TASK PROMPT:
Pictures are to be left out, and only the lines from the one containing "An unlikely friendship: Iowa" through the last line of the data are to be returned exactly.

COLLECTED DATA:
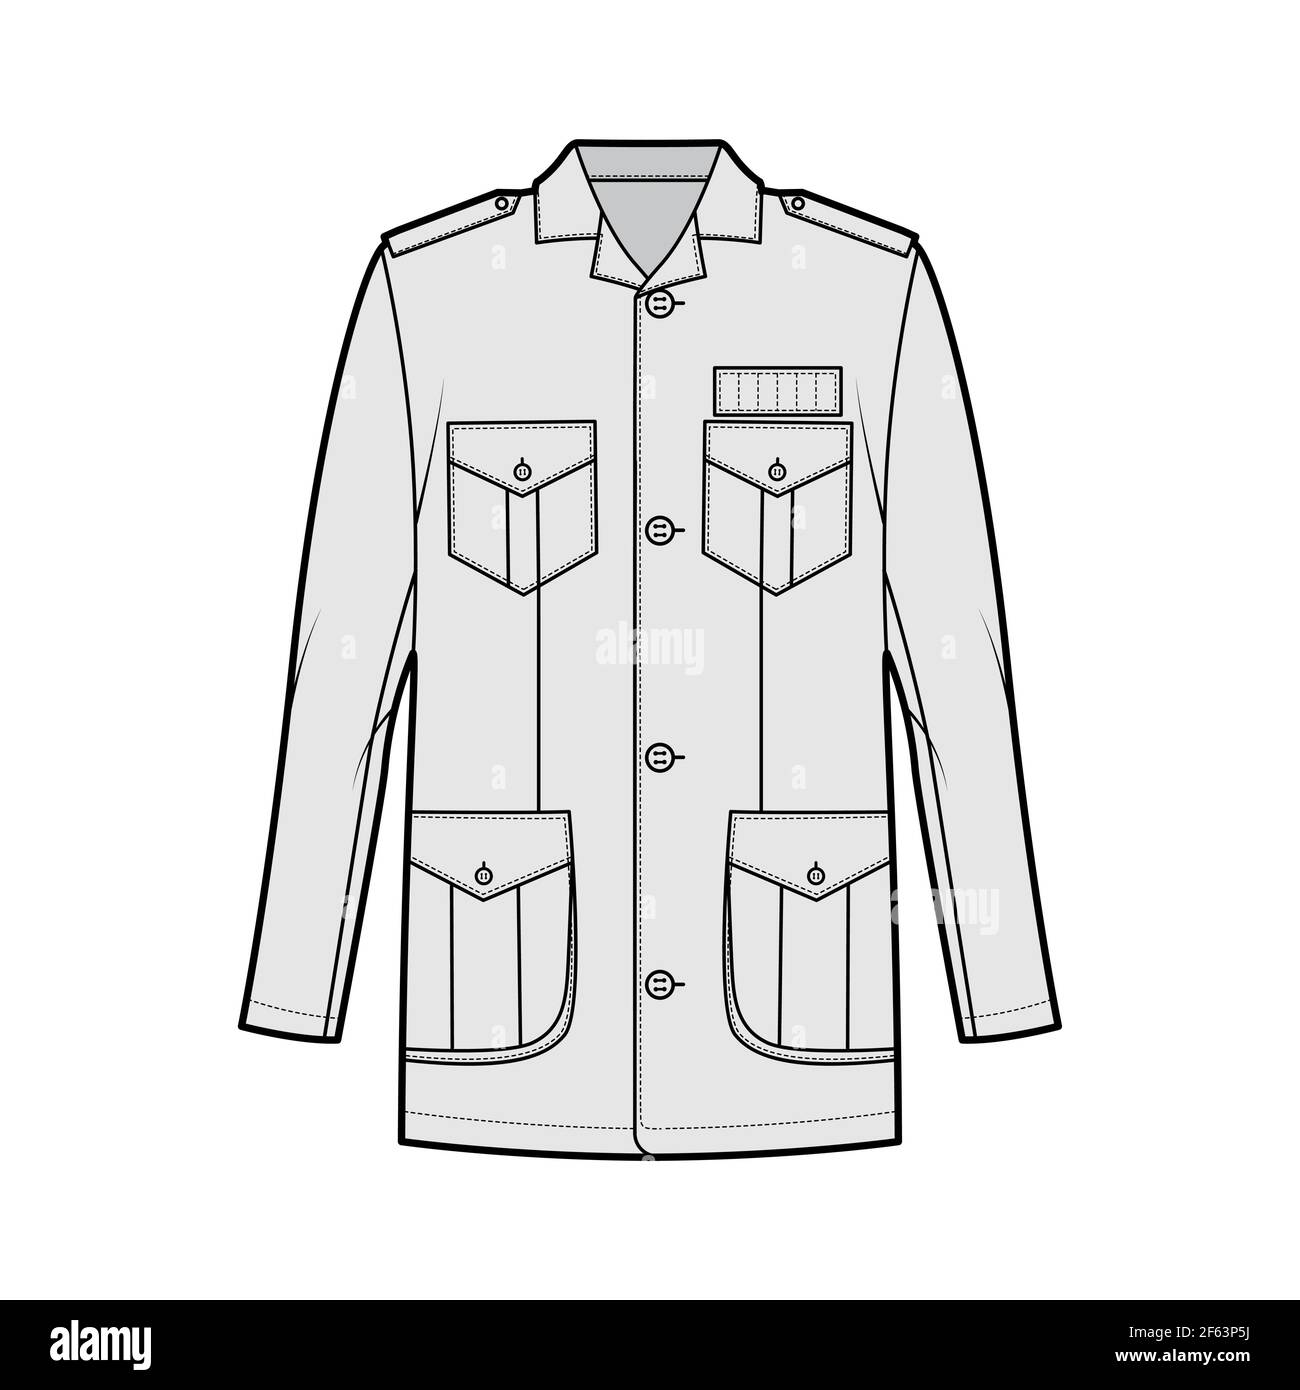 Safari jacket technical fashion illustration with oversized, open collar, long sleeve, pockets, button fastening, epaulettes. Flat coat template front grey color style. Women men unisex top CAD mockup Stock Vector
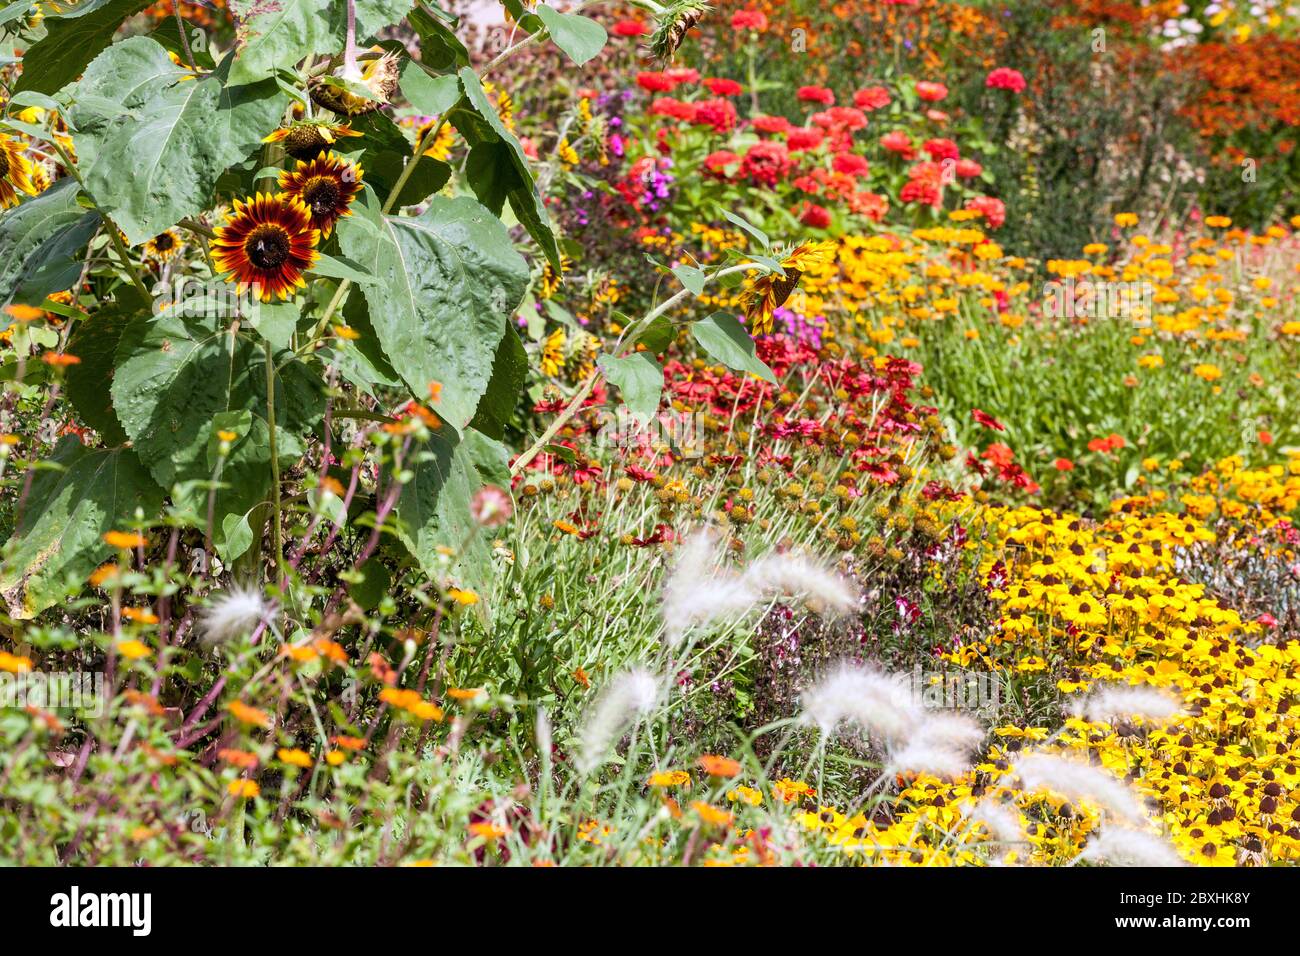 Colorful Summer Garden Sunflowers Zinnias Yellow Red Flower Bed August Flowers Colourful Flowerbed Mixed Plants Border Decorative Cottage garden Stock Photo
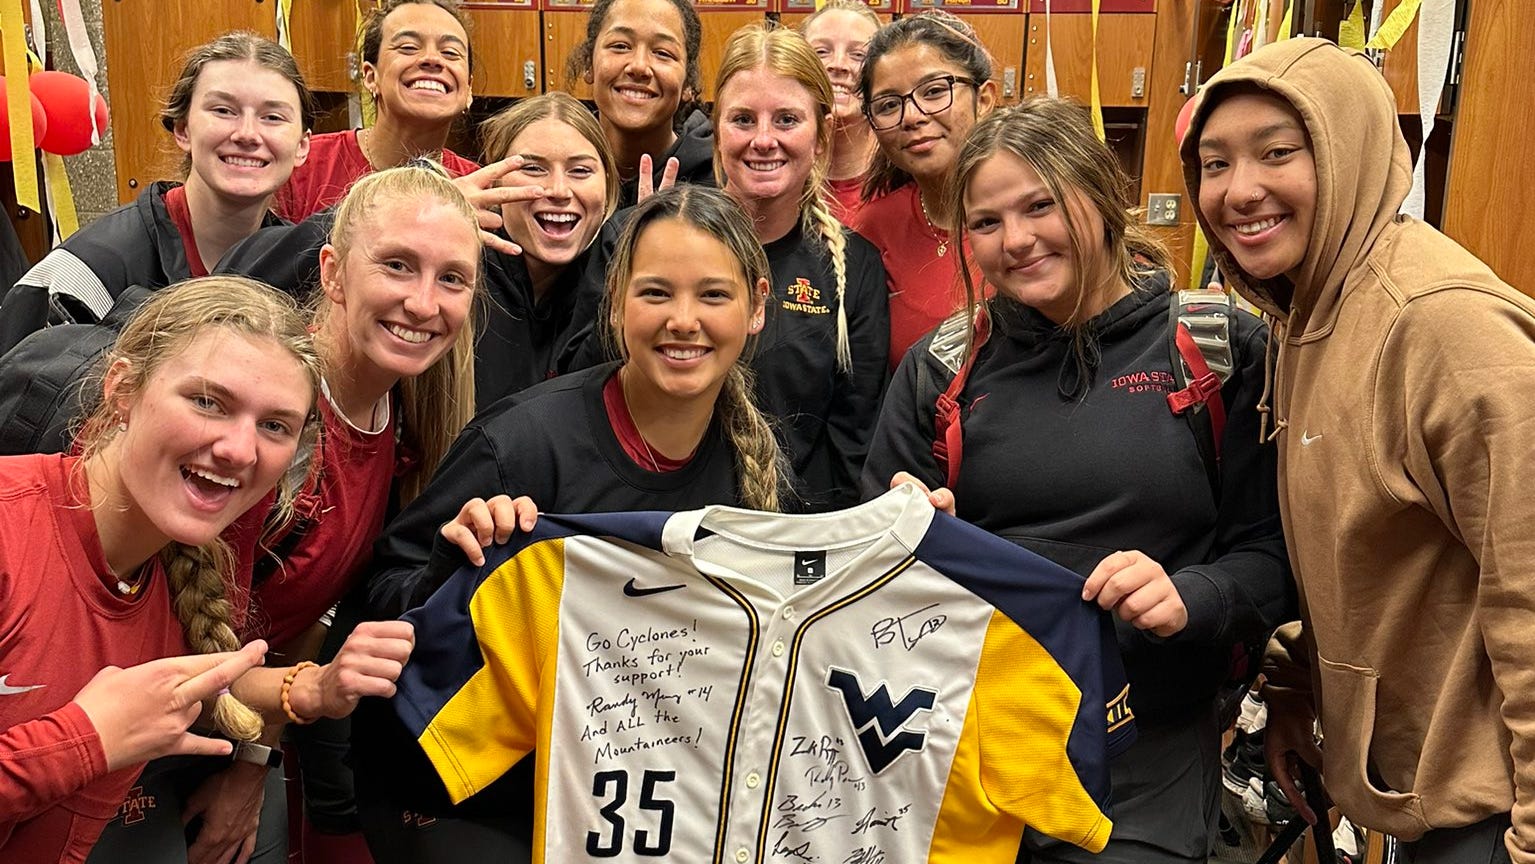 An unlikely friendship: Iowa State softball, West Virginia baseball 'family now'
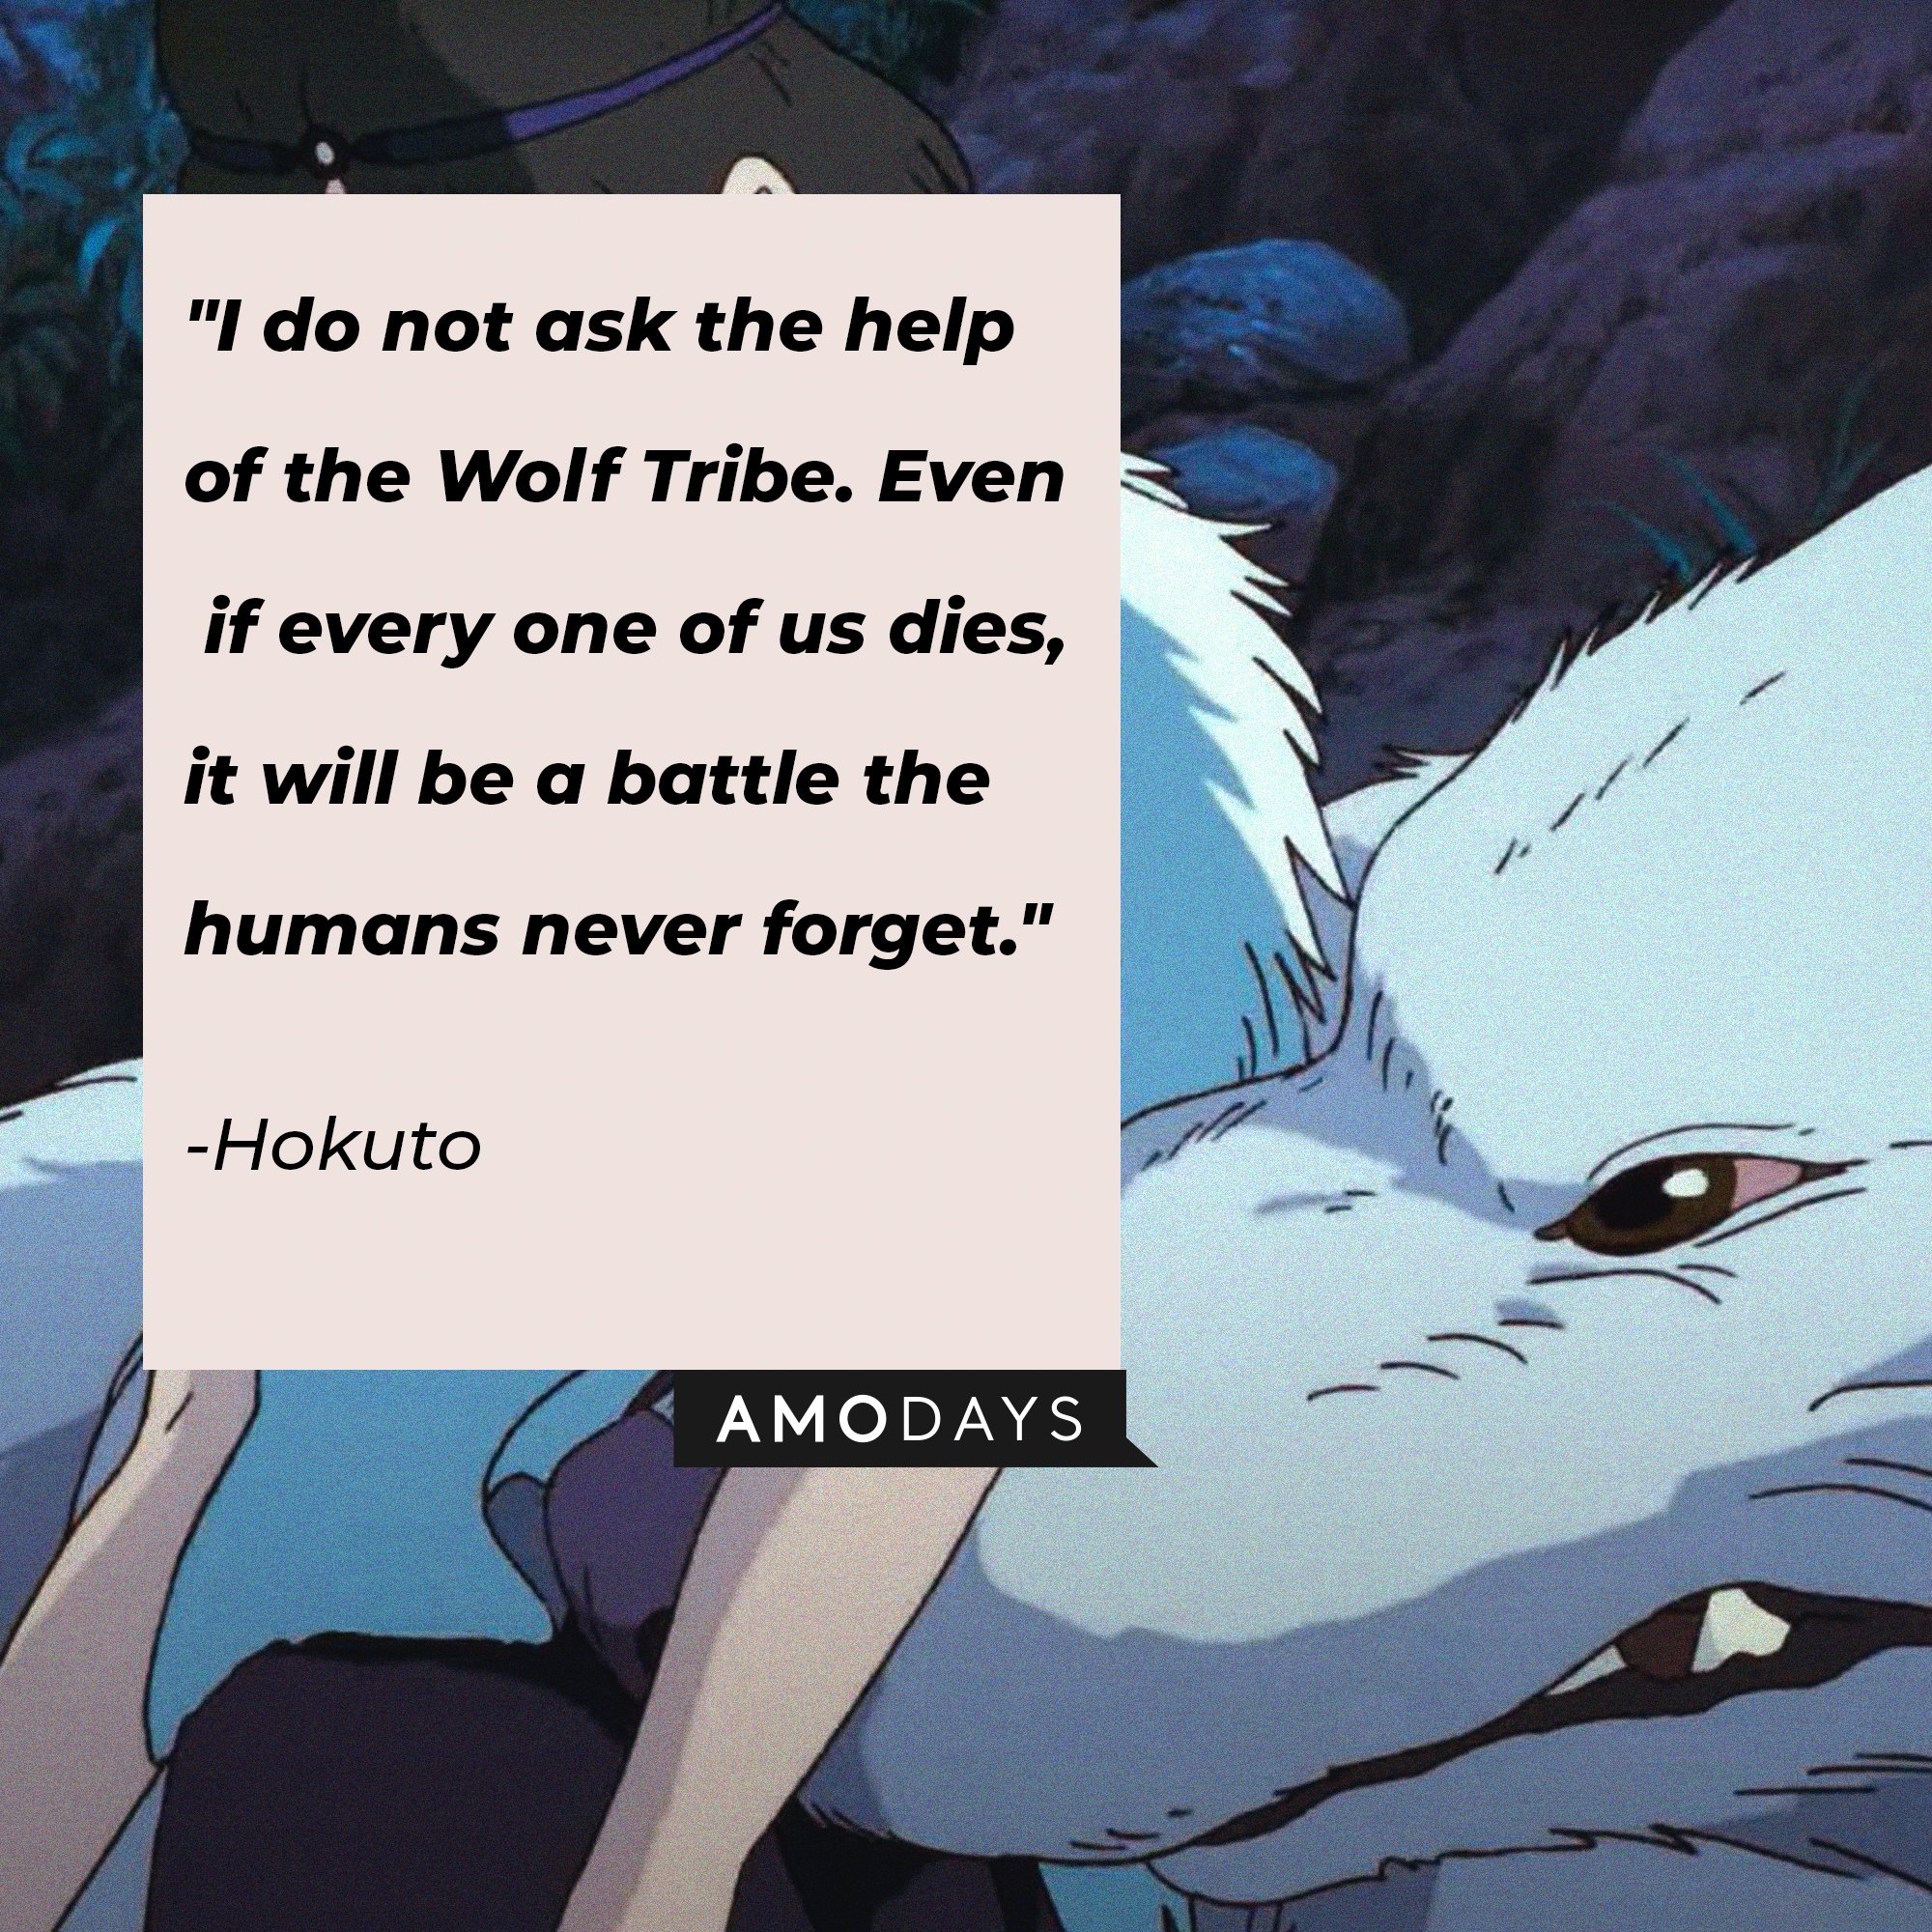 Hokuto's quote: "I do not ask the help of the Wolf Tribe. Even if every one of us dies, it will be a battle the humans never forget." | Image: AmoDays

RESPONSE TO THIS TASK:
 An unlikely friendship: Iowa State softball, West Virginia baseball 'family now'
 Hokuto's quote: "I do not ask the help of the Wolf Tribe. Even if every one of us dies, it will be a battle the humans never forget." | Image: AmoDays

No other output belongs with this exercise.